About this task: Below are some entries. Count how many of their lines include "Good", then give that number only.

The input:
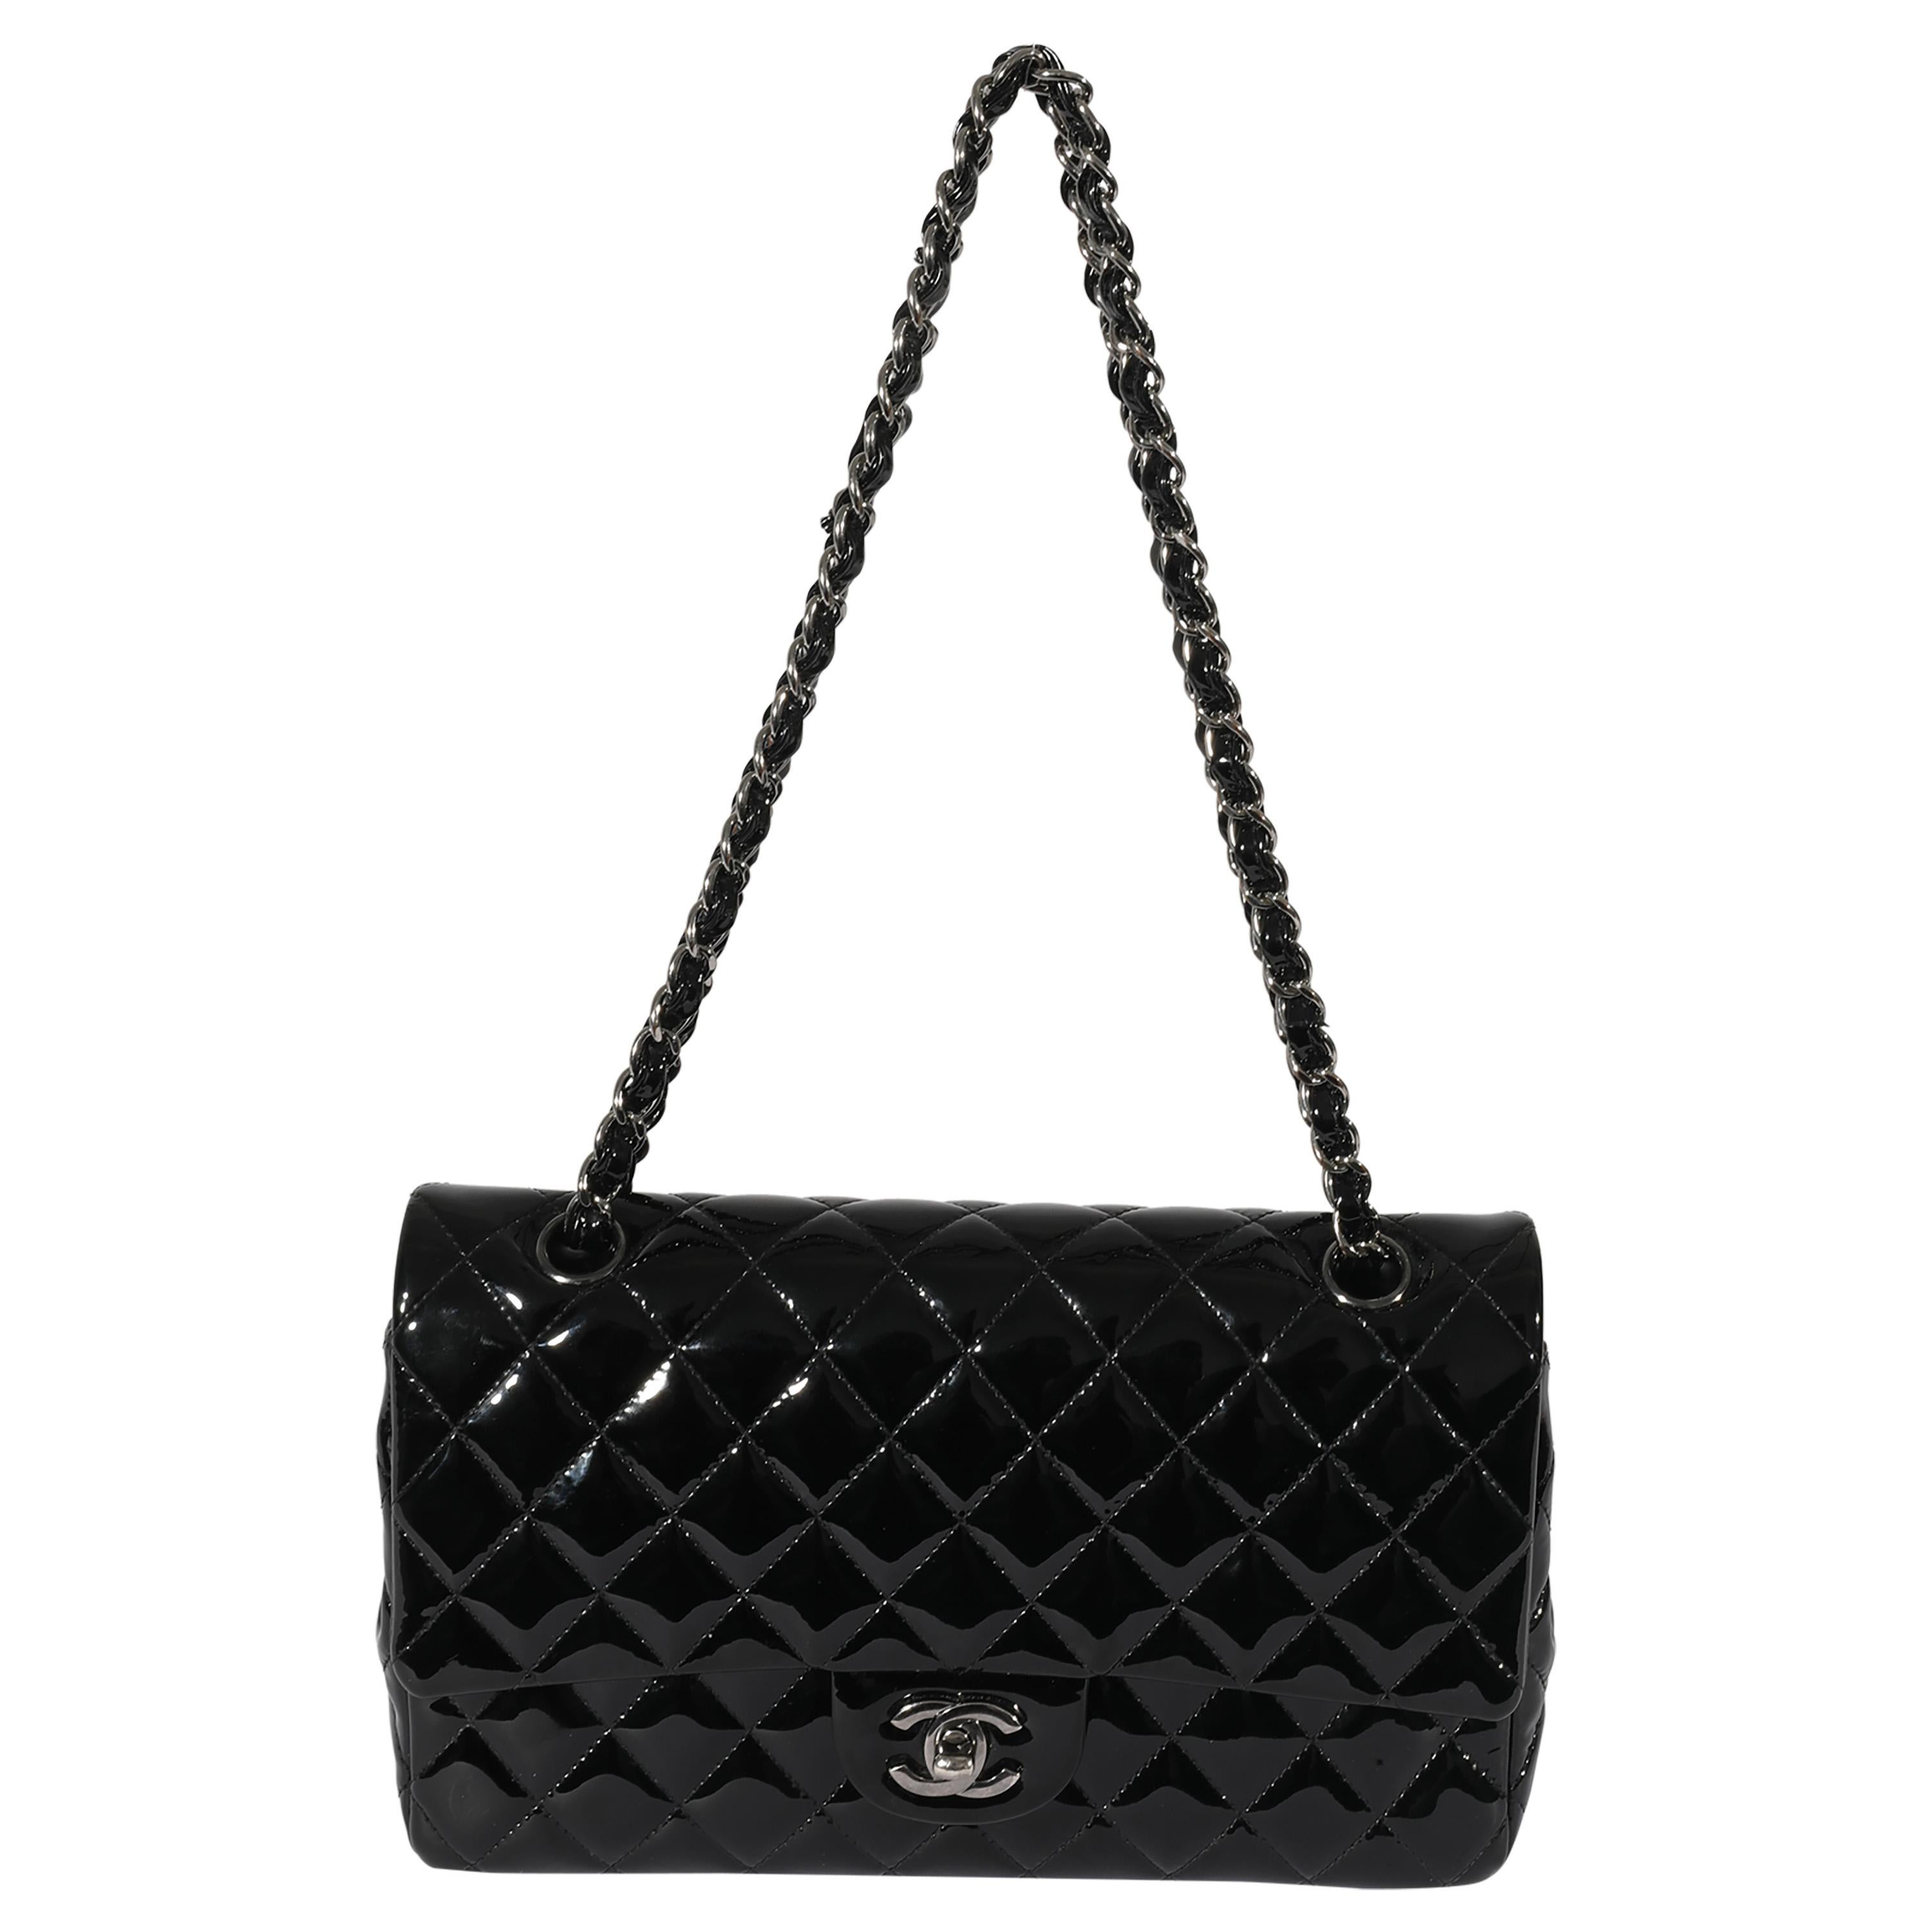 Listing Title: Chanel Black Patent Medium Classic Double Flap
SKU: 127978
MSRP: 8800.00
Condition: Pre-owned 
Handbag Condition: Very Good
Condition Comments: Very Good Condition. Smudging to exterior. Scratching and light tarnishing to hardware.
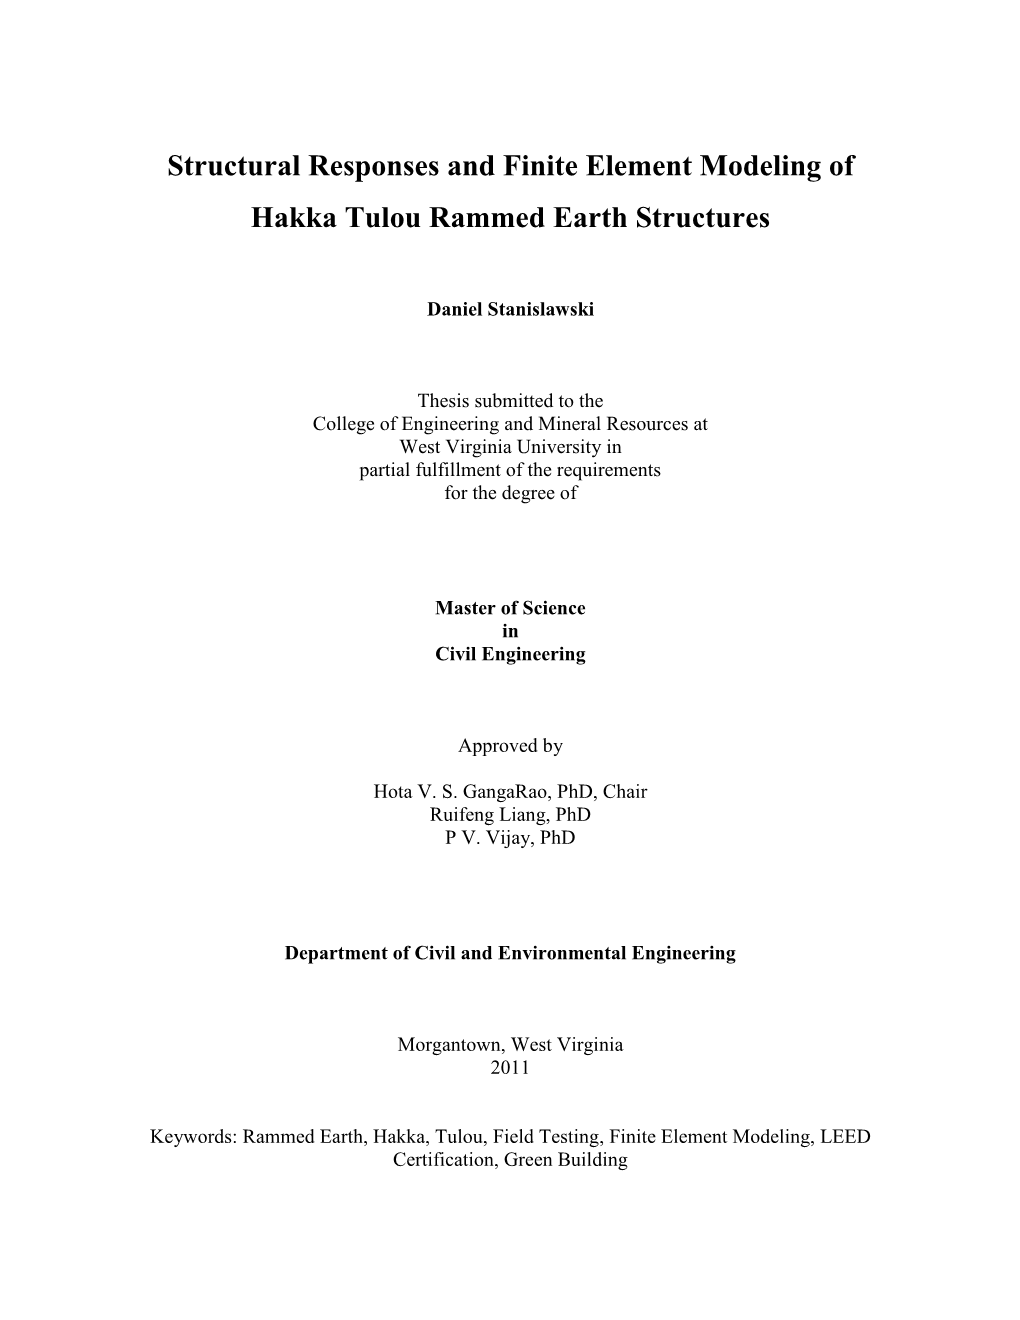 Structural Responses and Finite Element Modeling of Hakka Tulou Rammed Earth Structures
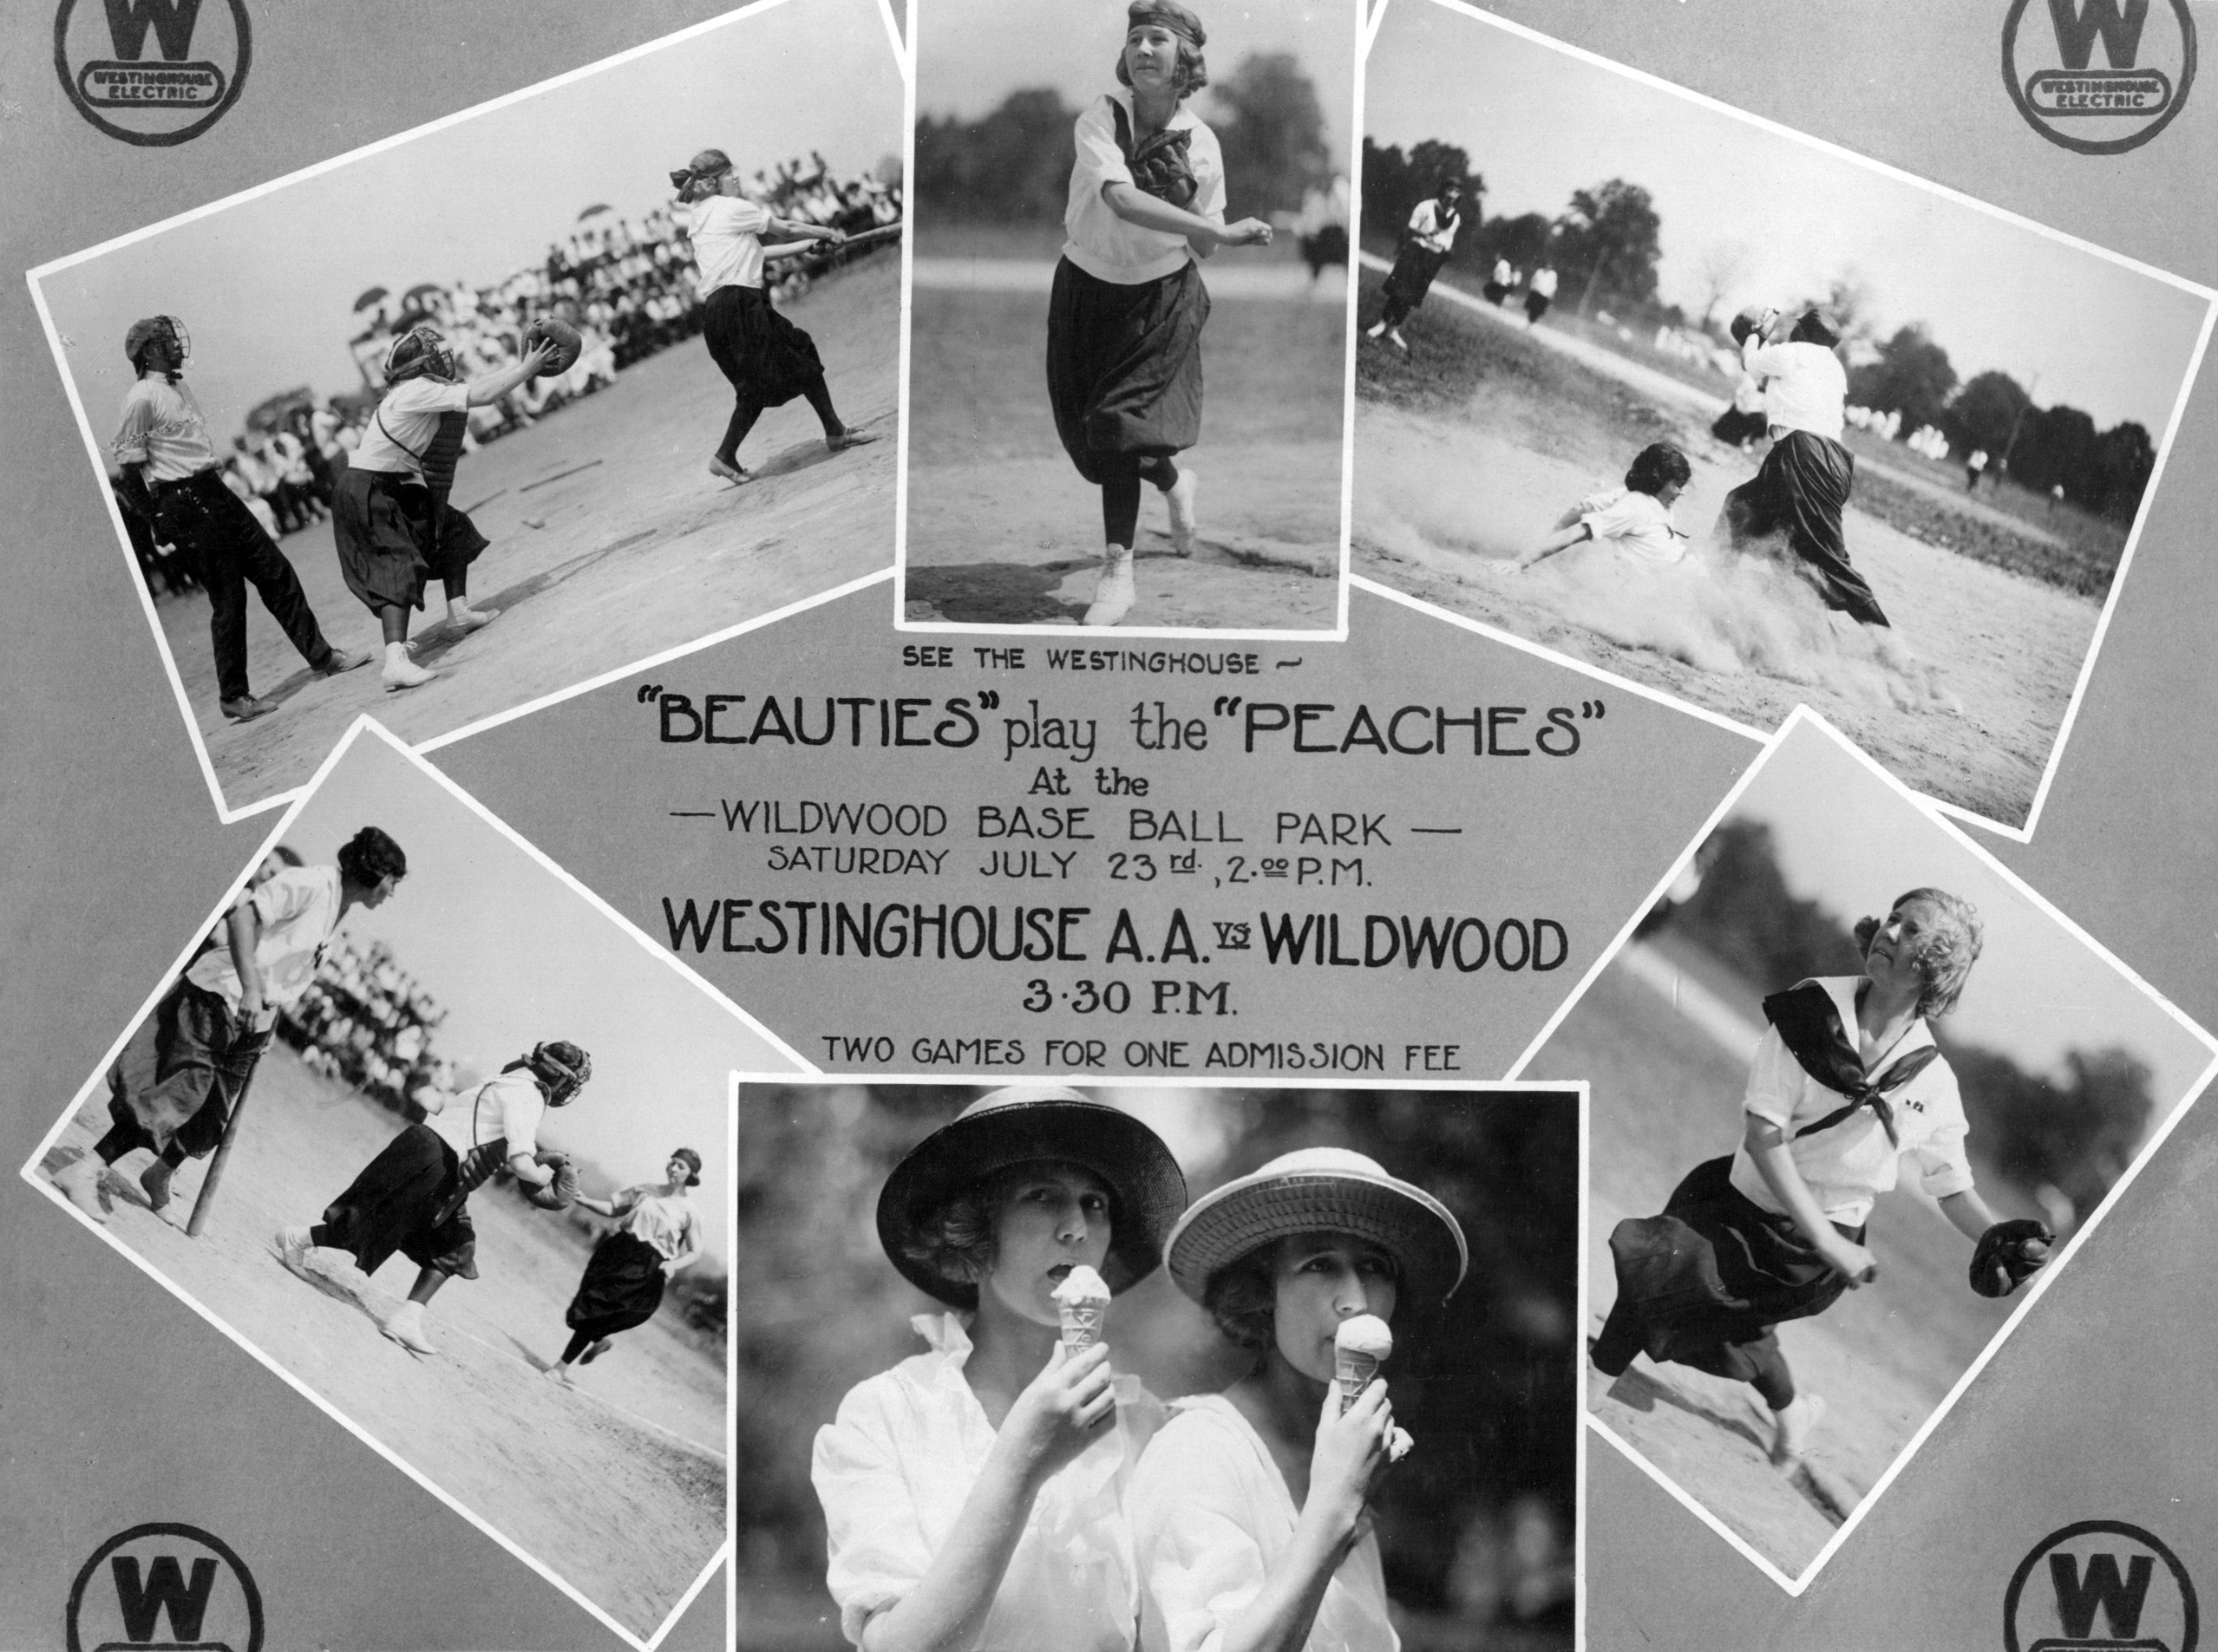 Photocollage advertising a women's baseball game played by employees of the Westinghouse company.

Completed task: 2